Germany's Jewcentricity is of a completely different order. No negative slur against Jews goes unanswered in the law courts or in the court of public opinion. This has hardly eliminated prejudice against Jews. In an anti-Semitic prank with echoes of the Third Reich, a high-school student in eastern Germany was forced by bullies not long ago to wear a sign around his neck in the school yard: "In this town I'm the biggest swine because of the Jewish friends of mine." The teacher reported it, the chief of police was firm in his outrage, and the state minister of the interior promised an investigation. Germany does not tolerate public exhibition of Nazi symbols.


But the strain of anti-Semitism that many thought would vanish after the horror of the Holocaust has again risen again in the Middle East and among European fellow travelers of the Islamists, whose rhetoric targets Israel in a way that Hitler would readily recognize.
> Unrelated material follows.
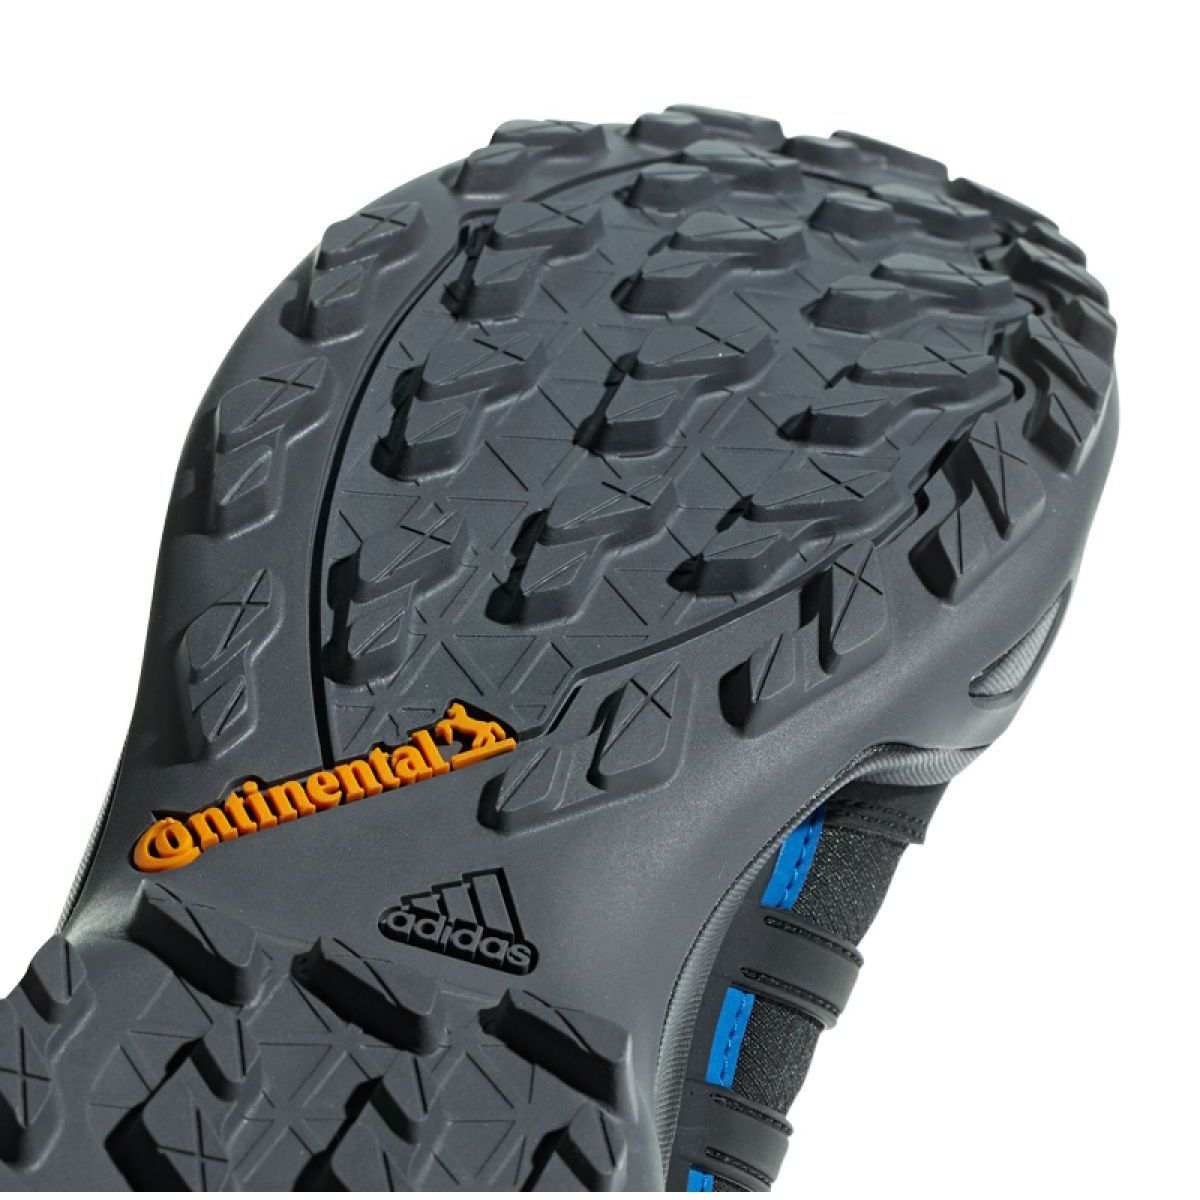 Buty Adidas Terrex Swift R2 Mid Gtx M Ac7771 Czarne Sports Shoes Adidas Trekking Shoes Black Shoes

Israel is the euphemism for the demonized Jew. The Jews become, as Jonathan Rosen observed in The New York Times, "interchangeable emblems of cosmic evil."


It's not simply an empty gesture that maps available in Middle Eastern countries show Israel erased. Hezbollah demonstrated its capacity to send rockets into Israel, and the Iranian nuclear threat is aimed first at Israel.


Jews remain convenient scapegoats as they continue to haunt the fantasies of rationalizers and haters who want to avoid responsibility for their own culpability. In the 1930s, Jews were blamed for everything that went wrong in Germany (and later in Eastern Europe). Today they're perceived as the seminal cause of Islamic terrorism, subject to the same old media stereotypes that thrived in Nazi newspapers. Getting rid of the Jews in Europe wasn't enough.


"Jewcentricity" serves a specific purpose both in the Middle East and in Europe. It unites the Muslims against a common enemy and conceals their own divisions and discontents, which would be there even if there were not an Israel to hate. Increasing Muslim populations in Europe threaten the peace in ways that absent Jews do not. But we can blame the Jews, anyway.


The Nobel Prize-winning Hungarian novelist Imre Kertesz observes that Europeans mask their criticism of Israel in mournful tones about the Holocaust but use the language that led to Auschwitz. "Because Auschwitz really happened, it has permeated our imagination, become a permanent part of us," he says. "What we are able to imagine — because it really happened — can happen again."